Recognition: unknown
Deep neural networks with Fisher vector encoding for medical image classification
Pith reviewed 2026-05-10 16:17 UTC · model grok-4.3
The pith
Fisher vector encoding added to hybrid CNN-ViT models improves accuracy on medical image datasets of varying sizes.
A machine-rendered reading of the paper's core claim, the machinery that carries it, and where it could break.
Core claim
The central claim is that Fisher vectors computed from features of a hybrid CNN plus vision transformer network, paired with a method that restricts the growth of Gaussian mixture model estimation cost with dataset size, deliver higher accuracy than existing benchmarks on all MedMNIST v2 collections and match published results on Clean-CC-CCII and ISIC2018.
What carries the argument
Fisher vector encoding applied to features from a CNN-ViT hybrid model, together with a dataset-size-dependent restriction on the number of samples used to estimate the Gaussian mixture model.
If this is right
- The same architecture produces strong results across medical imaging modalities and data scales.

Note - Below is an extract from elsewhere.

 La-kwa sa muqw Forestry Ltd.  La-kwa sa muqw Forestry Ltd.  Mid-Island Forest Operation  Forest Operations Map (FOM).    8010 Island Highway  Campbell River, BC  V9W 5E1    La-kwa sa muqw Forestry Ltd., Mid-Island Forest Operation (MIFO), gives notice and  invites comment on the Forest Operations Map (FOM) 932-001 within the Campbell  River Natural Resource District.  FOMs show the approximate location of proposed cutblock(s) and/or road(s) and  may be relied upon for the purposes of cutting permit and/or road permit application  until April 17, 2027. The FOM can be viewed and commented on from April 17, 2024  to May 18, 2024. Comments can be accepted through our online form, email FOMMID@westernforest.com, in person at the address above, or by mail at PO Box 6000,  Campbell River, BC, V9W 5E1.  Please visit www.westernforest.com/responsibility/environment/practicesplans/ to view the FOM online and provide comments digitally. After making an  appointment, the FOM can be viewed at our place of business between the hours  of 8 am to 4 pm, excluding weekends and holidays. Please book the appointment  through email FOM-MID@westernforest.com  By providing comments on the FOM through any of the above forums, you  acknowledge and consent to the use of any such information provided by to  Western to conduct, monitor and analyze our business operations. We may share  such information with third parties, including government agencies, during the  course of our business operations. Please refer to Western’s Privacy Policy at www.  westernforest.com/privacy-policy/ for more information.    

- Orderless statistical encodings become practical inside deep networks even when training collections are large.
- The hybrid model addresses both the spatial locality bias of pure CNNs and the data-efficiency needs of medical tasks.

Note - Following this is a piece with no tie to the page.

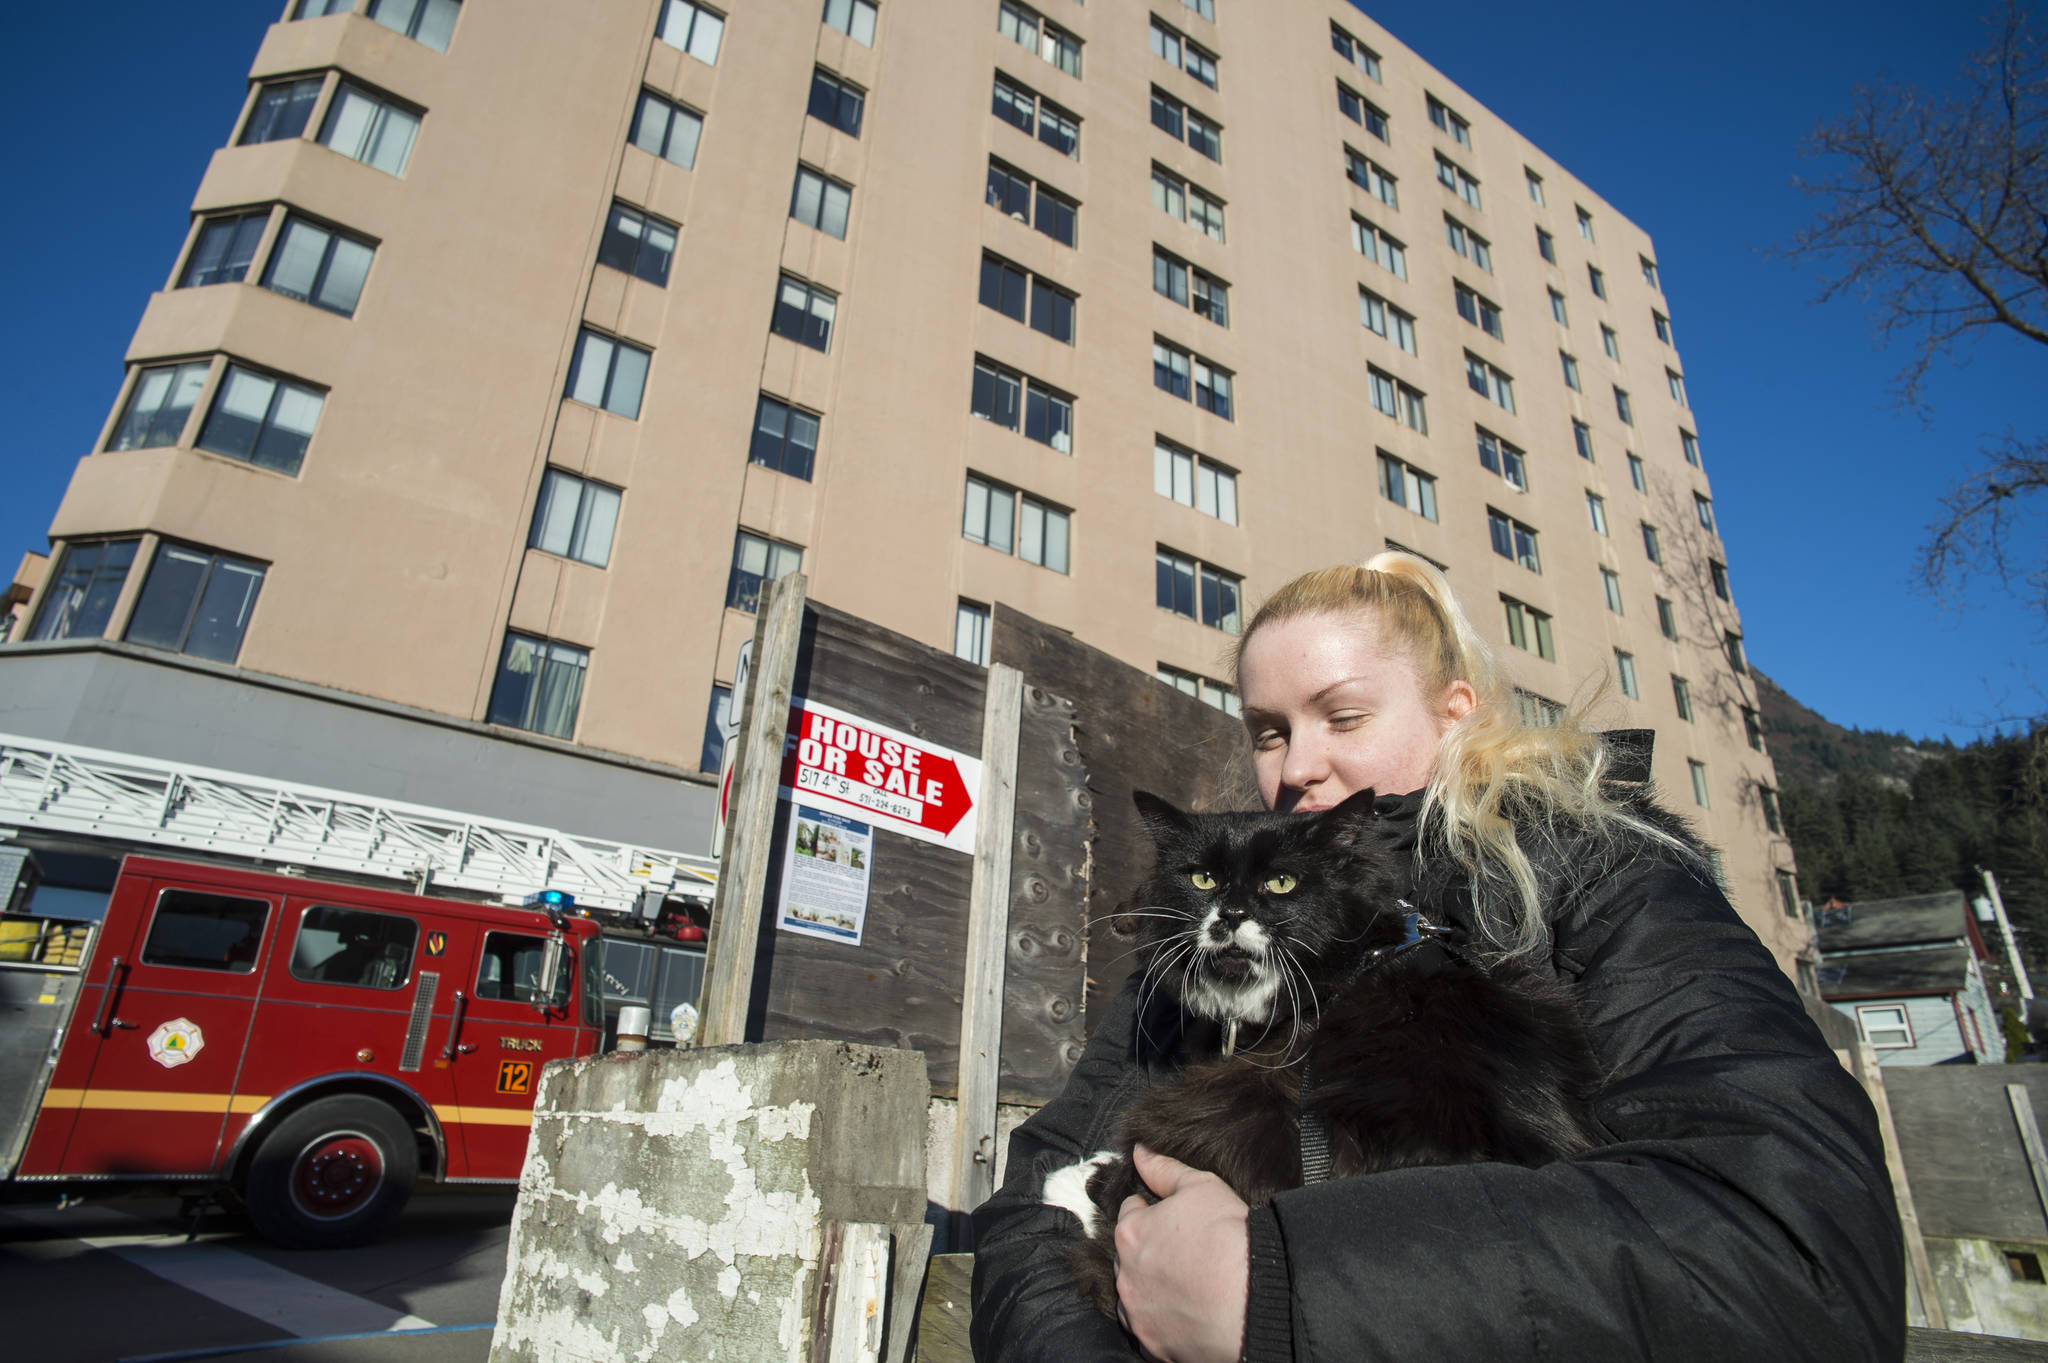 Cassidy Coulter waits outside the Mendenhall Tower Apartments during a fire alarm on Wednesday, Nov. 8, 2017. Work on the building’s boilers set off the alarm. (Michael Penn | Juneau Empire)

- Performance exceeds published benchmarks on the small-to-medium MedMNIST sets while remaining competitive on larger sets.

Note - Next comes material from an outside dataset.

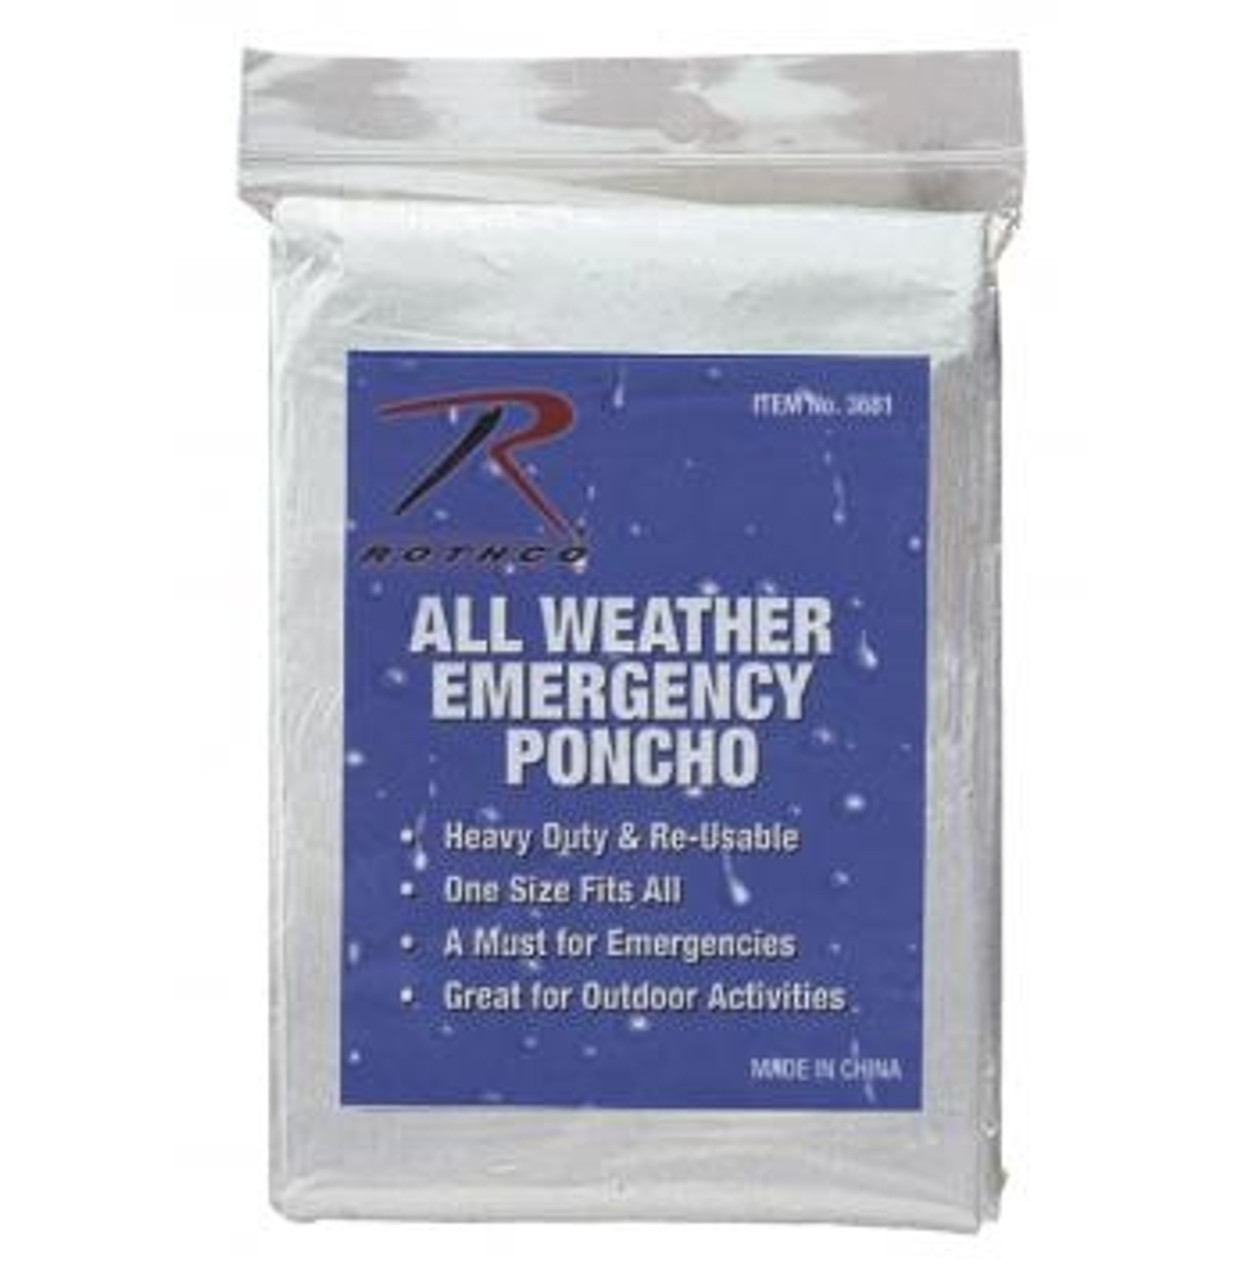 Poncho from Hessen Antique

Where Pith is reading between the lines
- The cost-limiting technique for mixture-model estimation could be transferred to other statistical encoding schemes used in computer vision.
- The approach might reduce the labeled data volume required to reach a target accuracy level in new medical imaging problems.
- Similar integrations of orderless encodings with hybrid backbones could be tested on non-medical tasks that also mix small and large datasets.
Load-bearing premise
Capping the number of samples used to estimate the Gaussian mixture model preserves the full representational power of the resulting Fisher vectors without introducing bias or discarding discriminative information.
What would settle it
Applying the full pipeline to a dataset substantially larger than those tested and observing that accuracy falls below that of an unrestricted hybrid model or a standard CNN baseline would show the cost-control step has damaged the encoding quality.
Figures
read the original abstract
Orderless encoding methods have shown to improve Convolutional Neural Networks (CNNs) for image classification in the context of limited availability of data. Additionally, hybrid CNN + Vision Transformers (ViT) models have been recently proposed to address CNN locality bias issues. These models outperformed CNN-only approaches. Despite that, the integration of such hybrid models with more elaborated feature representation can be highly beneficial and remains large unexplored in the literature. In this context, we propose the introduction of an orderless encoding method, Fisher Vectors, to hybrid CNN + ViT architectures, aiming at achieving a model suitable for both small and large datasets. Such enconding method relies on estimating a Gaussian Mixture Model (GMM) on image features. In large datasets, computational costs of the GMM estimation is a limiting factor for the application of Fisher Vectors. Thus, we propose a method to limit the growth of GMM estimation costs as we increase the size of the dataset. We explore the feasibility of our method in the context of medical image classification by appling it to MedMNIST (v2), Clean-CC-CCII and ISIC2018. This collection of datasets contains a wide variety of data scales and modalities. We outperform benchmark results in all MedMNIST (v2) datasets and obtain literature-competitive results in Clean-CC-CCII and ISIC2018.
Editorial analysis
A structured set of objections, weighed in public.
Referee Report
Summary. The paper proposes integrating Fisher vector encoding with hybrid CNN + Vision Transformer architectures for medical image classification. It introduces a method to limit the growth of GMM estimation costs for large datasets and evaluates the approach on MedMNIST v2 (claiming outperformance on all datasets), Clean-CC-CCII, and ISIC2018 (claiming literature-competitive results). The central motivation is to combine orderless encodings with hybrid models to address data scarcity and CNN locality bias while ensuring scalability.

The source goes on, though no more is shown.